Hybrid treecode/FMM

We developed a new treecode-FMM hybrid algorithm with auto-tuning capabilities, that is O(N) and chooses the most efficient type of interaction. Auto-tuning is achieved by dynamically selecting the kernels during runtime, which requires a generic and flexible algorithm for traversing the tree.

ExaFMM uses a dual tree traversal for the target and source tree. See Figure 2. In the initial step, both trees are formed and their root cells are paired and pushed to an empty stack. Further iterations consist of popping a pair of cells form the stack, splitting the larger one, and applying an acceptance criterion to determine if multipole interaction is valid or not. If not, a new pair is pushed to the stack.

Figure 2 shows three cases: the ones on the left and right satisfy the multipole acceptance criterion (MAC), while the one in the center does not and is pushed to the stack.

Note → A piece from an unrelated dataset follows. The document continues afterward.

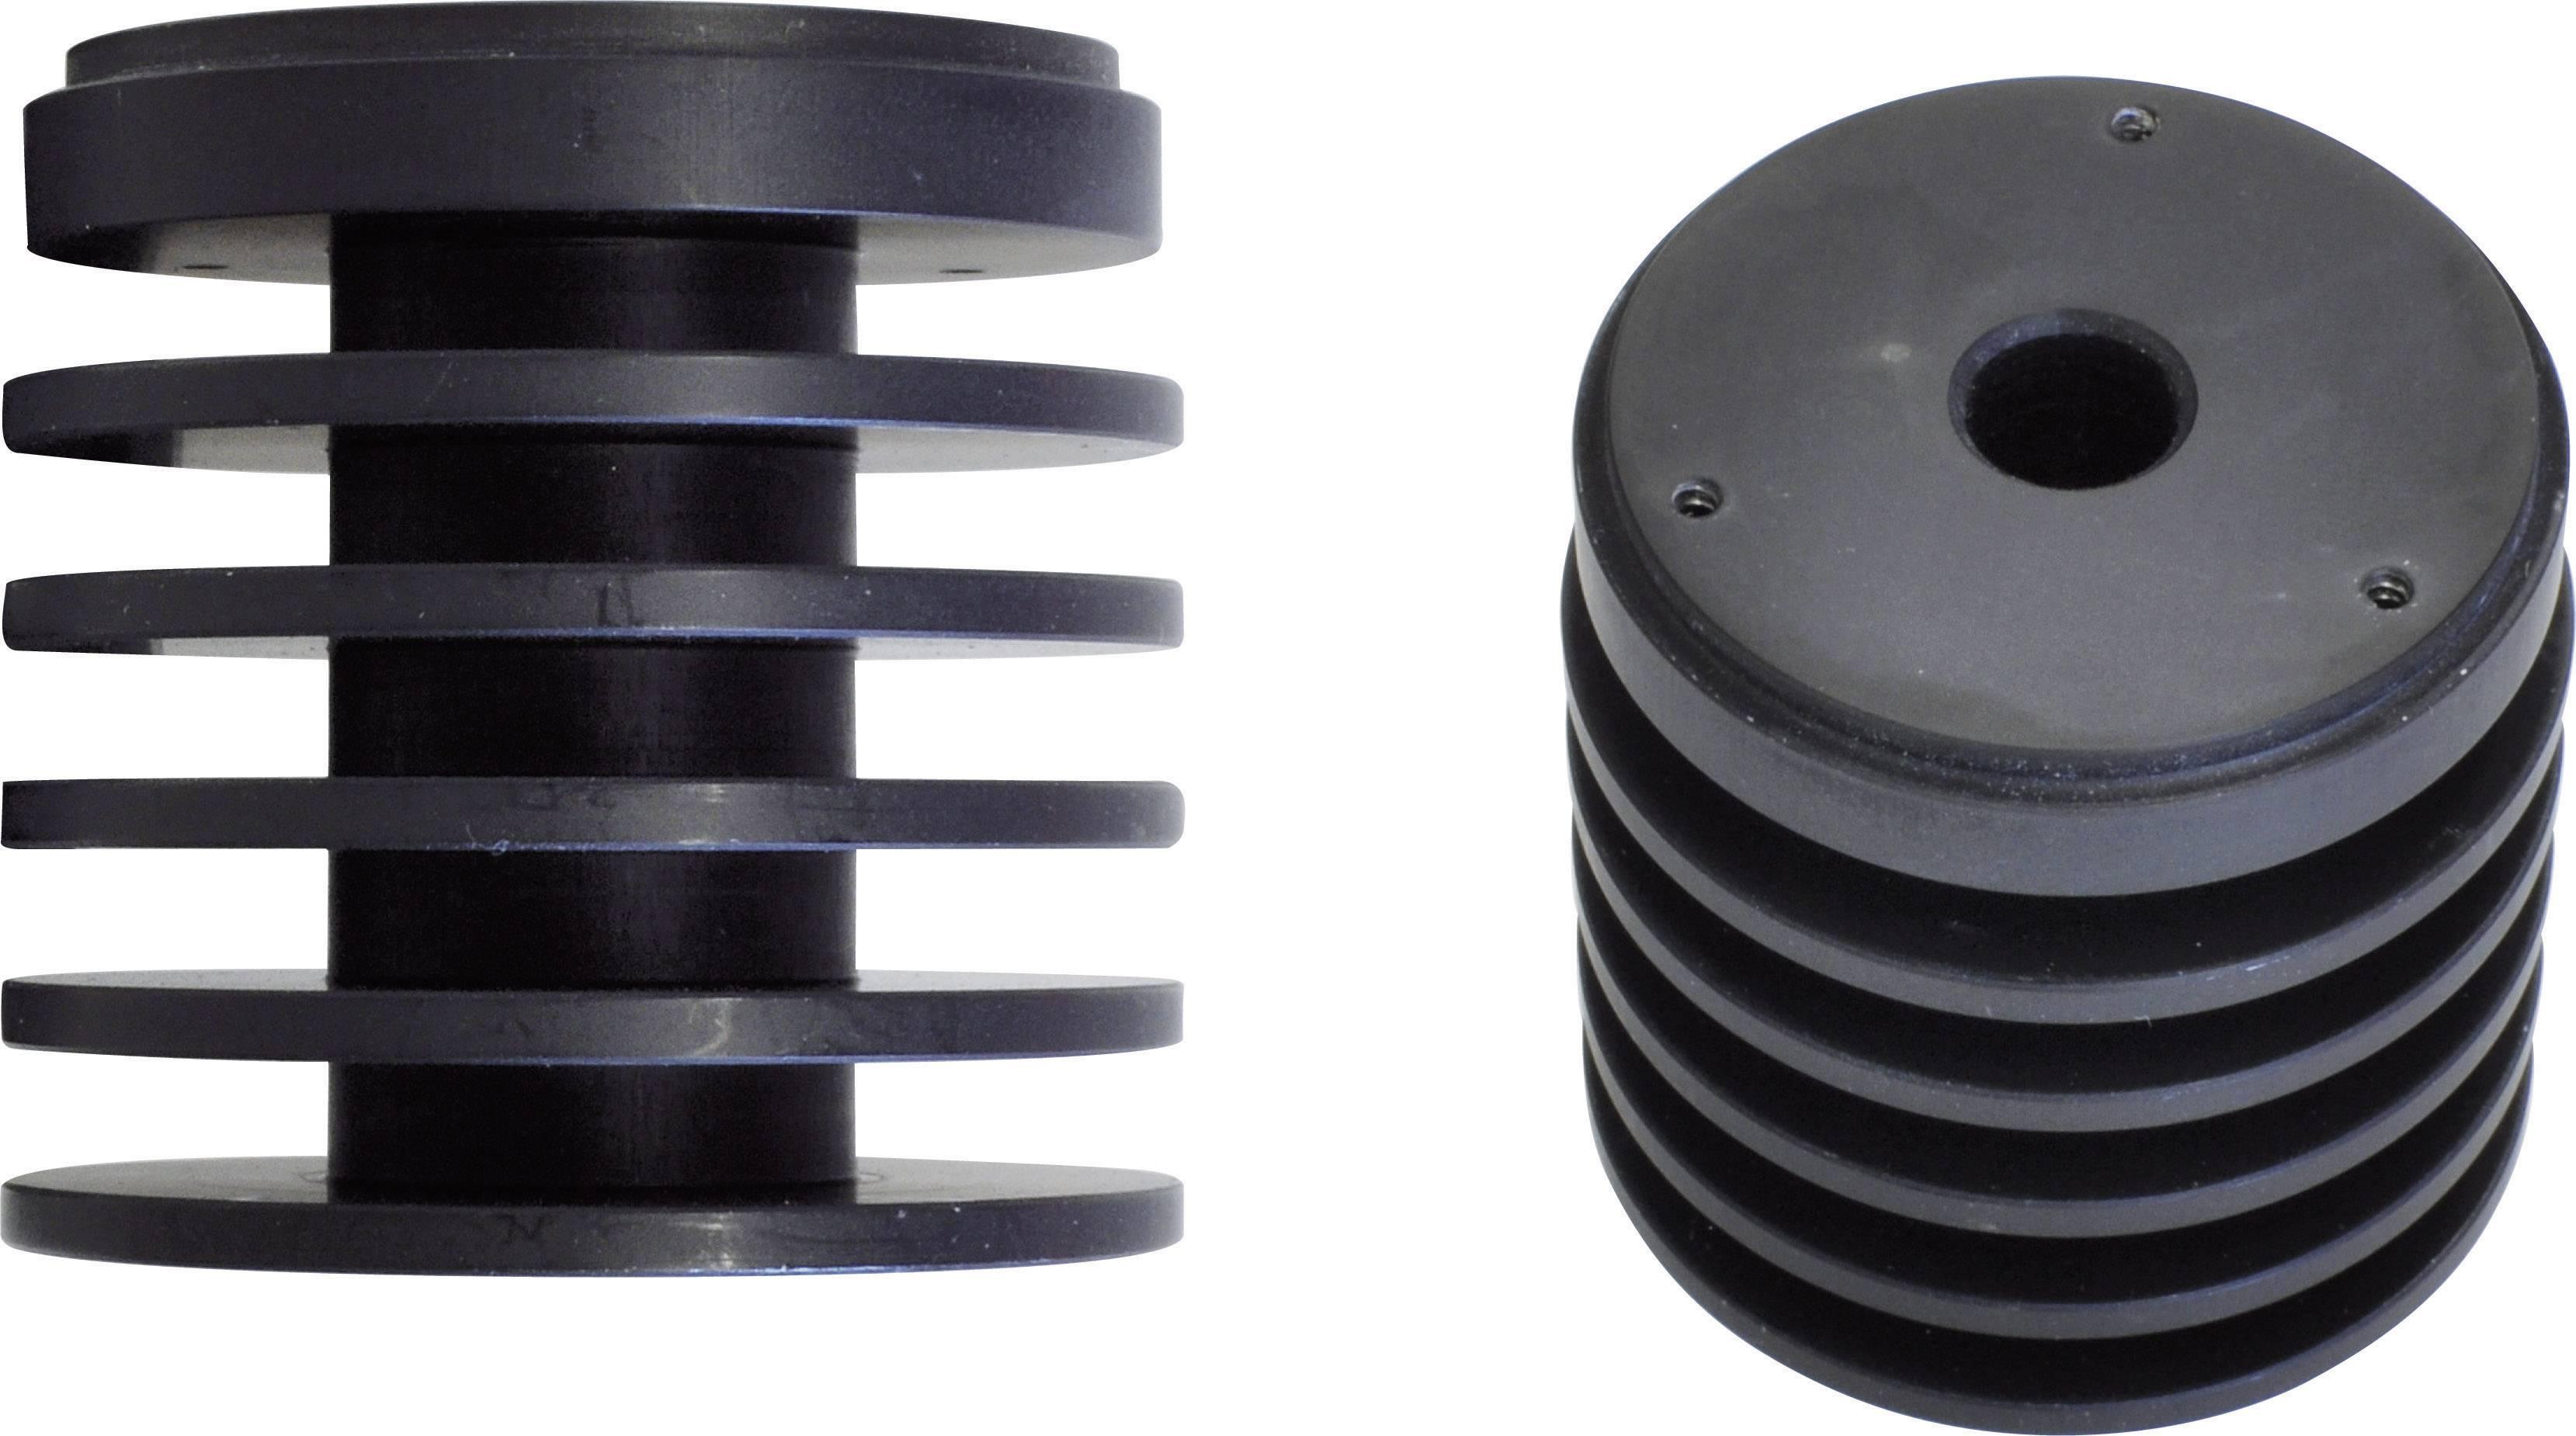 Chladič Barthelme ALU K2, 4.44 K/W, (Ø x v) 44 mm x 45 mm

Figure 2—Dual-tree traversal: illustration of the stack-based procedure.

Figure 2 (copyrighted) —Dual-tree traversal: illustration of the stack-based procedure. From “Hierarchical N-body simulations with auto-tuning for heterogeneous systems”, Rio Yokota, L A Barba. Computing in Science and Engineering (CiSE), 3 January 2012, IEEE Computer Society, doi:10.1109/MCSE.2012.1.